Most of the growth can be attributed to the city's reputation as an excellent place to raise a family: excellent school system and well-preserved existing housing to complement new housing development. But city officials also know well the importance of attracting new commercial development and nurturing existing businesses.
This year, the city will issue about 120 single-family home permits, which outstrips new homes in its larger neighbor, Cape Girardeau.
The city also has expanded to the south with the annexation last summer of Grandview Acres. Thanks to a one-half-cent transportation tax that voters approved 1986, the city's street system rivals any for a town its size. All new developments demand paved streets, and all streets are curbed and guttered.
Despite the positive news, Jackson officials recently learned the city was in danger of losing the Lee-Rowan Co. plant and its jobs.
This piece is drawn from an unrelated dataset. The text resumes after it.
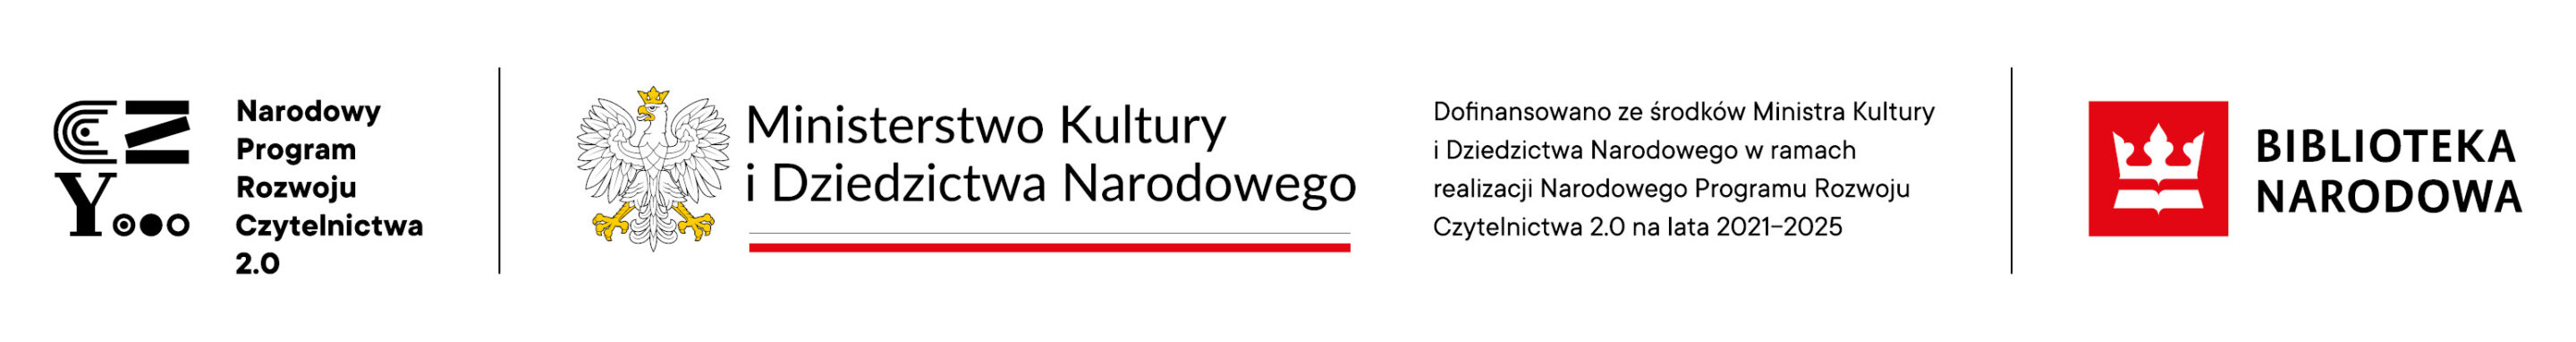 belka logotypy_Narodowy-Progr-Rozw-Czyt_MKiDN_Bibl-Nar

Lee-Rowan officials decided to consolidate its plants, but local officials didn't know where the single manufacturing plant would be -- here or in Tennessee. With its 1,350 employees, Lee-Rowan is the largest employer in Cape Girardeau County. A producer of wire organizing equipment, it was sold by owner Desmond Lee to the Newell Co. in September 1993. In Lee-Rowan's 30 years of business in Jackson, it has expanded 10 times. The expansions were welcomed, but the land-locked Jackson site provided limited space for further growth, while a Tennessee plant has an enormous amount of land and parking.
That prompted Mayor Paul Sander and Mitch Robinson, executive director of the Cape Girardeau Area Industrial Recruitment Association, to organize a group of officials, who set out to keep the factory here. The group was able to purchase adjoining property from landowner Byron Lang. An option on an additional tract will enable the city to acquire property for further Lee-Rowan expansion.
The city, with Robinson's help, also was able to get Missouri Department of Economic Development money for Lee-Rowan. The company received assistance with utilities and other expenses. In short, Lee-Rowan won't be headed south any time soon, thanks to the cooperative effort of local officials. But it is impossible to overlook the role the community's quality of life -- its homes, churches, shops and, perhaps most important, its people -- played in keeping the company here.